Further development of topological-insulator-based THz photonics can involve increasing the efficiency of conversion to higher THz harmonics. The challenging task here is to choose or design TIs that demonstrate the highest nonlinear response but do not exhibit saturation effects in the required range of pump fields. Another topical direction is the use of TIs as active materials for PCAs [25]. Here, it is important to comprehensively study the generation in PCAs based on TIs with various pump sources, including such common ones as the Ti-Sa laser, to reveal the mechanisms of hot carrier relaxation and to numerically simulate generation processes in such sources. The paper is devoted to the consistent analysis of such devices based on TIs.

The paper is organized as follows. In Section 2, we develop a kinetic theory of the third harmonic generation by two-dimension carriers and present a description of the THz radiation generation in photoconductive antennas. Section 3 outlines the materials and experimental techniques. In Section 4, we present and discuss the experimental results on third harmonic generation and THz field generation. Section 5 summarizes the main results of the paper.

2. Theory

2.1. Kinetic Theory of THz Third Harmonic Generation

Here, we develop a kinetic theory of third harmonic generation by free carriers on the surfaces of TIs. The theory takes into account both the momentum and energy relaxation of the carriers, since the corresponding relaxation times are in the sub-ps range [16] and are comparable to the period of THz field. The current analysis extends previous considerations of the non-linear response of two-dimensional Dirac fermions done for graphene in collision-free [26,27] and one-relaxation-time [28,29] approximations.

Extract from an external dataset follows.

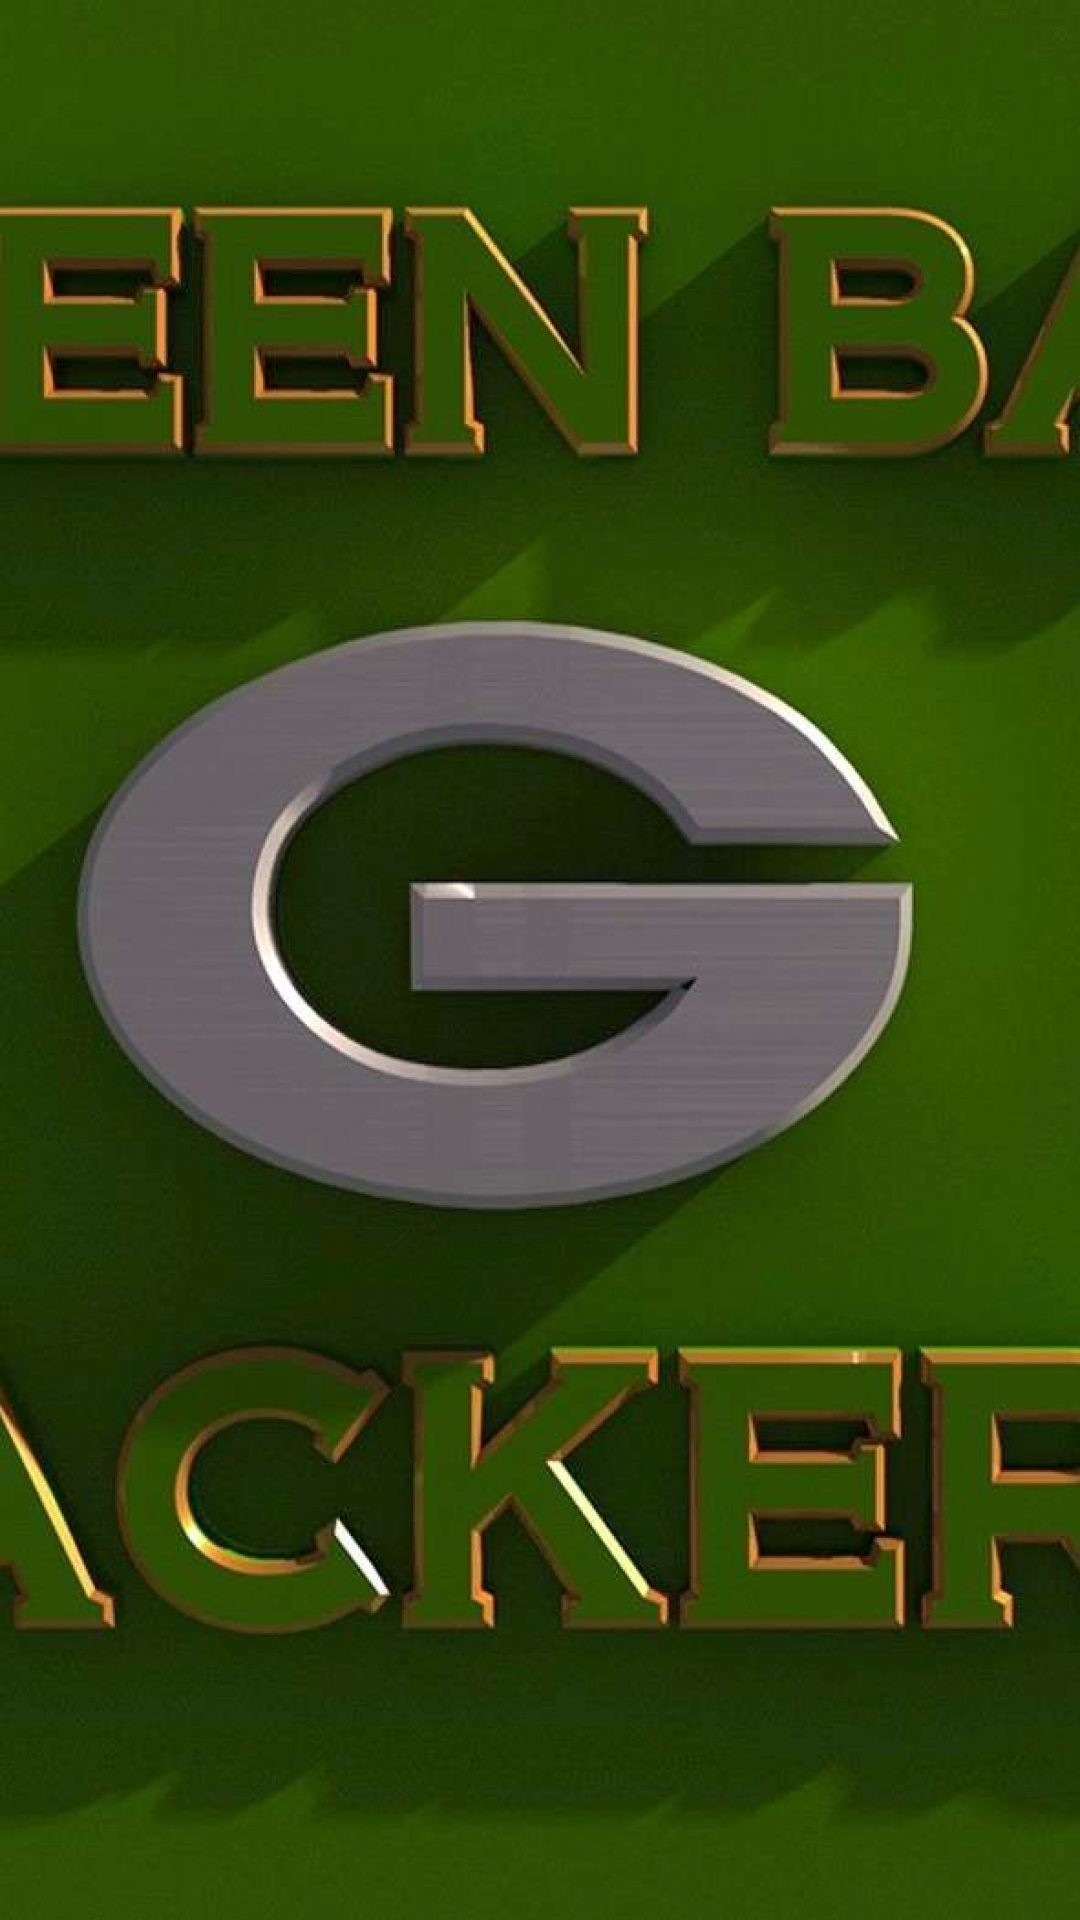 free green bay packer wallpaper

In the kinetic approach, electrons are described by the distribution function $f(p,t)$, which satisfies the Boltzmann equation:

$$\frac{\partial f}{\partial t}+eE(t)·{\nabla }_{p}f=\mathrm{St}f$$

(1)

where $e$ is the electron charge; $E(t)=E\exp (-i\omega t)+c.c.$ is the electric field of the incident radiation; E and ω are the field amplitude and frequency, respectively; ${\nabla }_p=\partial /\partial p$; $p$ is the momentum; and $\mathrm{St}f$ is the collision integral that describes the electron gas relaxation. The approach of the kinetic equation (1) is valid provided the electron gas conductivity $\sigma \gg e^2/\hslash$ and the field frequency $\omega \ll \langle \epsilon \rangle /\hslash$, where $\hslash$ is the reduced Planck constant and $\langle \epsilon \rangle$ is the mean kinetic energy of electrons.

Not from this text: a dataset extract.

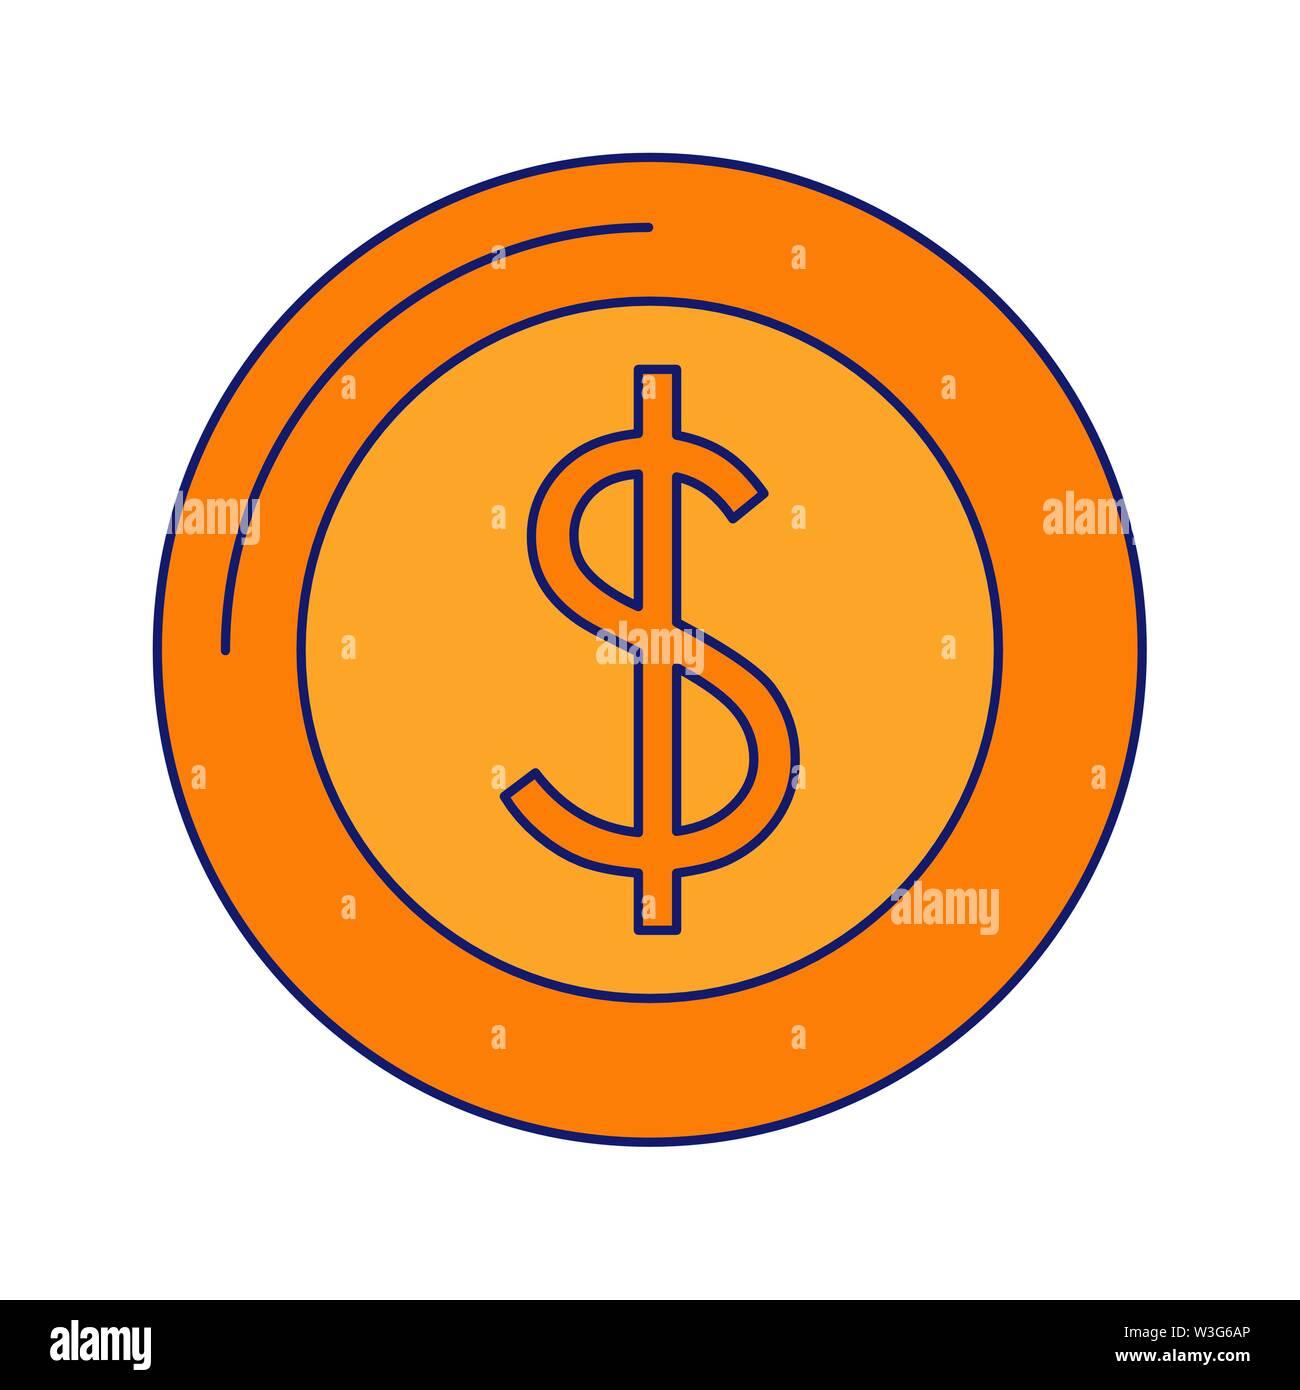 Geld sparen cash Münze cartoon Vector Illustration graphic design Stockbild

We solve the Boltzmann Equation (1) by expanding the field-induced correction $\delta f(p,t)$ to the distribution function in the Fourier series in the time domain [30]:

$$\delta f(p,t)=f^{(0)}+[f^{(1)}\exp (-i\omega t)+c.c.]+[f^{(2)}(-2i\omega t)+c.c.]+\dots$$

(2)

where c.c. stands for complex conjugation.

The correction to the distribution function of the first order in the electric field oscillates at $\omega$-frequency and satisfies the equation

$$-i\omega f^{(1)}+eE(t)·{\nabla }_p{f}^{(0)}=\mathrm{St}{f}^{(1)}$$

where $f^{(0)}$ is the equilibrium distribution function. It follows that the correction $f^{(1)}$ contains only the first angular harmonic in the momentum space. Accordingly, the collision integral $\mathrm{St}{f}^{(1)}$ in the relaxation time approximation assumes the form $-f^{(1)}/{\tau }_1$, where ${\tau }_1$ is the momentum relaxation time (relaxation time of the first angular harmonic of the distribution function). The straightforward solution of the above equation gives

$$f^{(1)}=-e{\tau }_1(\omega )E·{\nabla }_p{f}^{(0)}$$

(3)

where ${\tau }_1(\omega )={\tau }_1/(1-i\omega {\tau }_1)$.

The second-order correction $f^{(2)}$ contains zero and second angular harmonics in the momentum space and is found from the equation

$$-2i\omega f^{(2)}+eE(t)·{\nabla }_p{f}^{(1)}=\mathrm{St}{f}^{(2)}$$

Its solution in the relaxation time approximation has the following form:

$$f^{(2)}=-e{\tau }_e(2\omega )E·\overline{{\nabla }_p{f}^{(1)}}-e{\tau }_2(2\omega )E·[\overline{{\nabla }_p{f}^{(1)}}-{\nabla }_p{f}^{(1)}]$$

(4)

where the top line denotes averaging over the directions of the momentum $p$, ${\tau }_2(2\omega )={\tau }_2/(1-2i\omega {\tau }_2)$, ${\tau }_e(2\omega )={\tau }_e/(1-2i\omega {\tau }_e)$, ${\tau }_2$ is the relaxation time of the second angular harmonic, and ${\tau }_e$ is the time of thermalization and energy relaxation.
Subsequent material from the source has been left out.